São Paulo é exemplo, mas rota do tráfico encontra outras saídas

A atuação da Sancast vem reduzindo o número de crianças que chegam no Brasil por meio do tráfico ou desacompanhadas. Segundo Paulo, no momento de maior número de crianças atendidas, o órgão prestava assistência a cinco crianças por semana. Já hoje, há apenas oito casos em andamento no momento.

No entanto, a redução também é em decorrência da alteração da rota dos traficantes de pessoas. Isso porque, com a atuação da Sancast, os criminosos perceberam que, em outras cidades do estado de São Paulo, a possibilidade de uma criança chegar ao país desacompanhada é maior.

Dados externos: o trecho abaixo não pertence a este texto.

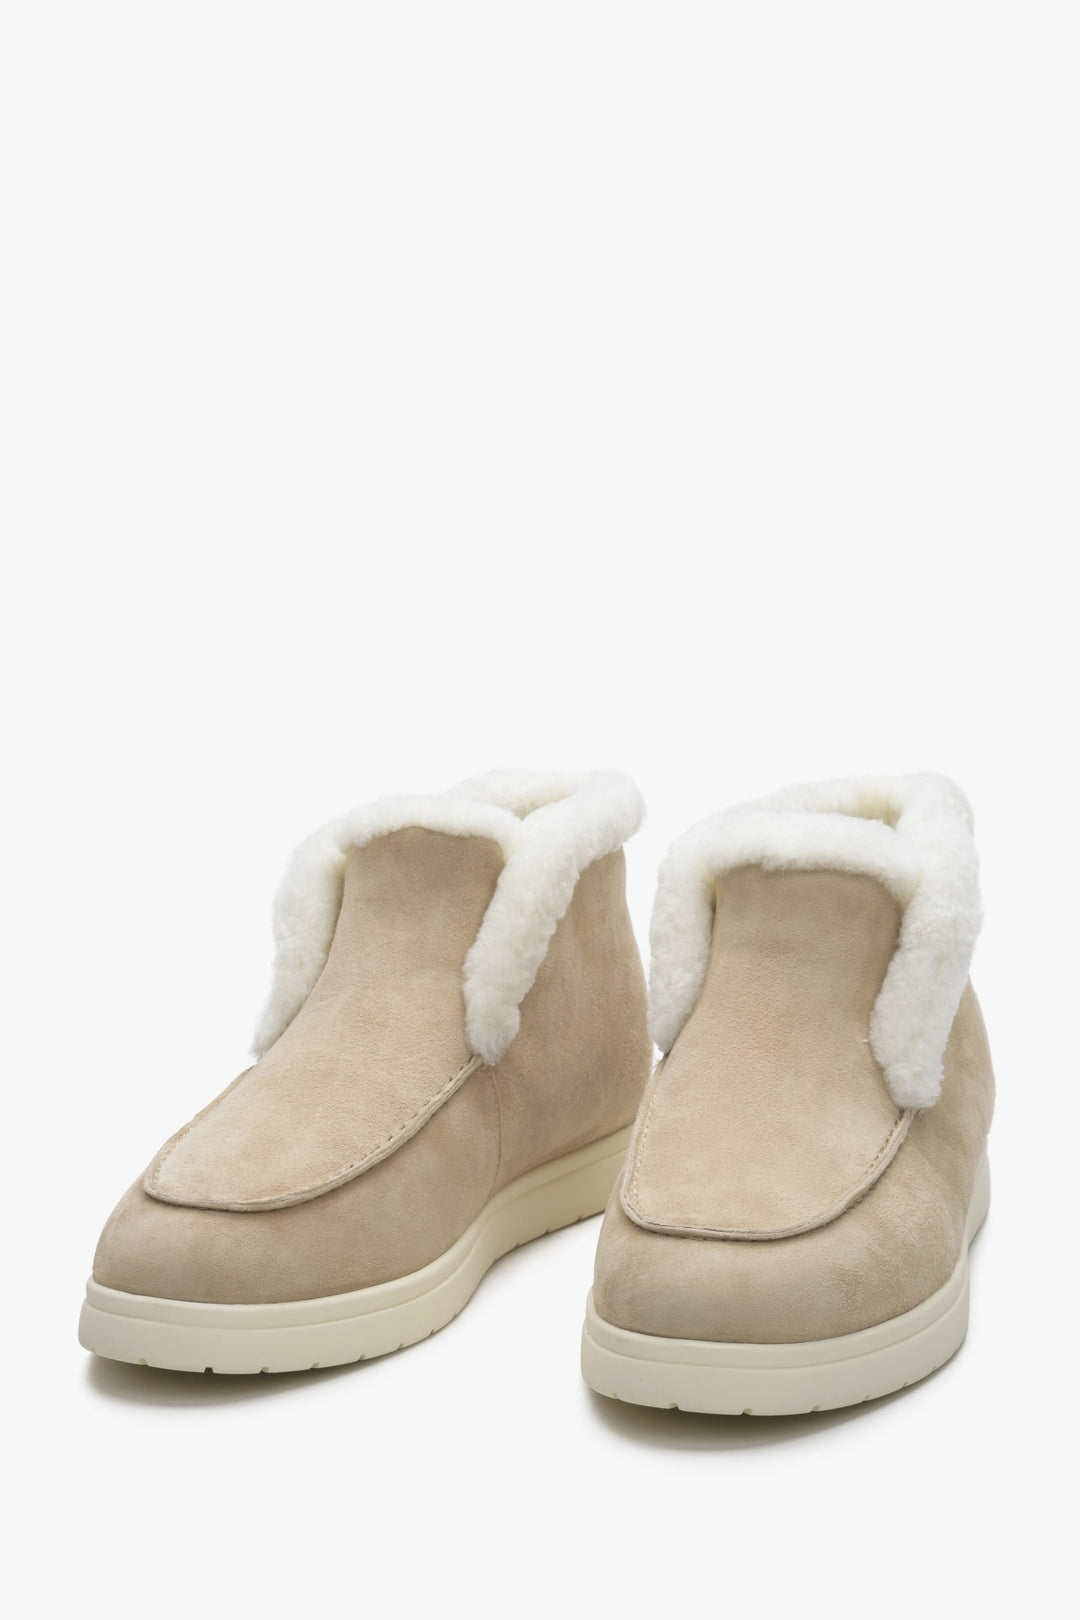 Low-top light beige slip on boots Estro with fur lining - presentation of the tip of the toes.
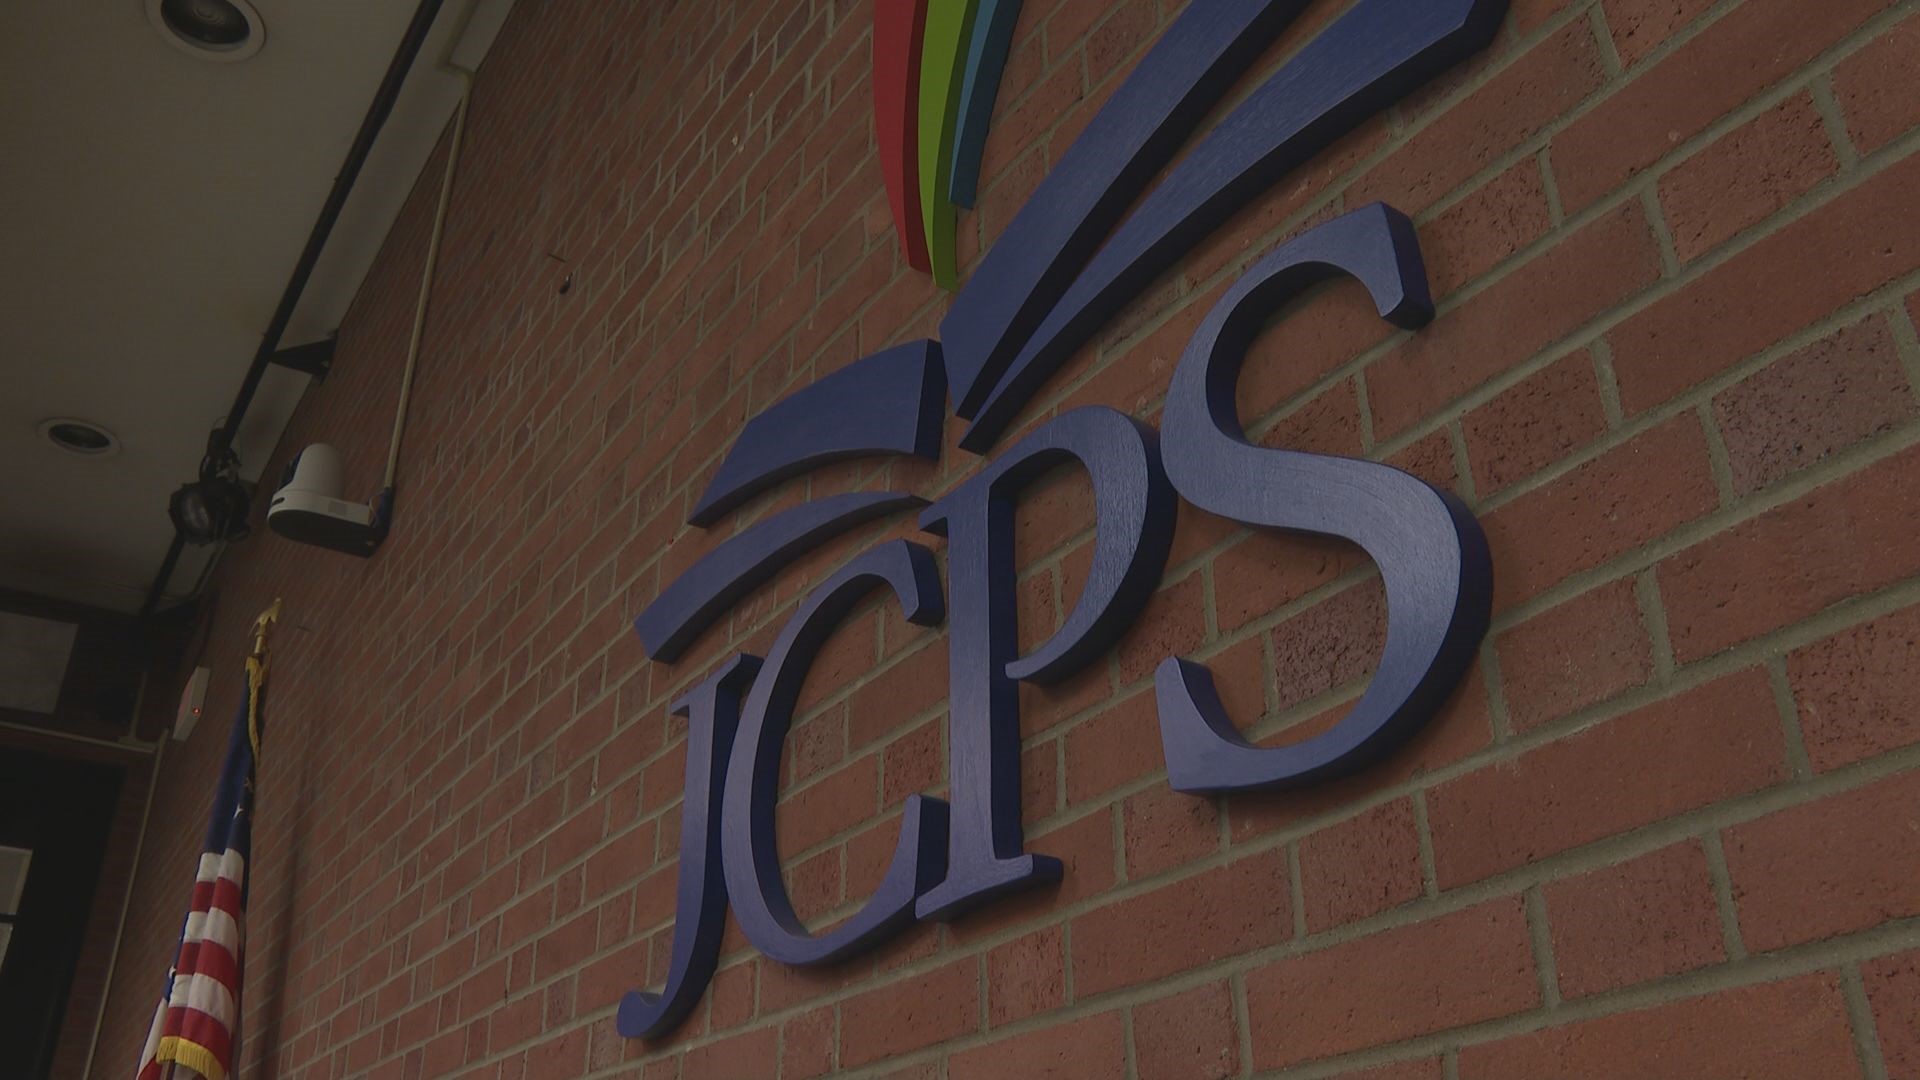 Should lawmakers be able to strip power away from local school districts? The JCPS Board has filed a lawsuit against controversial SB 1.

Paulo chegou a acompanhar o caso de duas adolescentes de 13 e 14 anos que eram exploradas sexualmente por uma organização criminosa. Os traficantes fizeram de tudo para tirar as meninas da capital e transferi-las para Guarulhos, numa tentativa de evitar que voltassem para o Sancast.

Porém, o Conselho Tutelar de Guarulhos percebeu as movimentações da quadrilha e encaminhou as duas garotas de volta para São Paulo, onde há um sistema de regulação e acompanhamento das crianças imigrantes desacompanhadas e vítimas de tráfico.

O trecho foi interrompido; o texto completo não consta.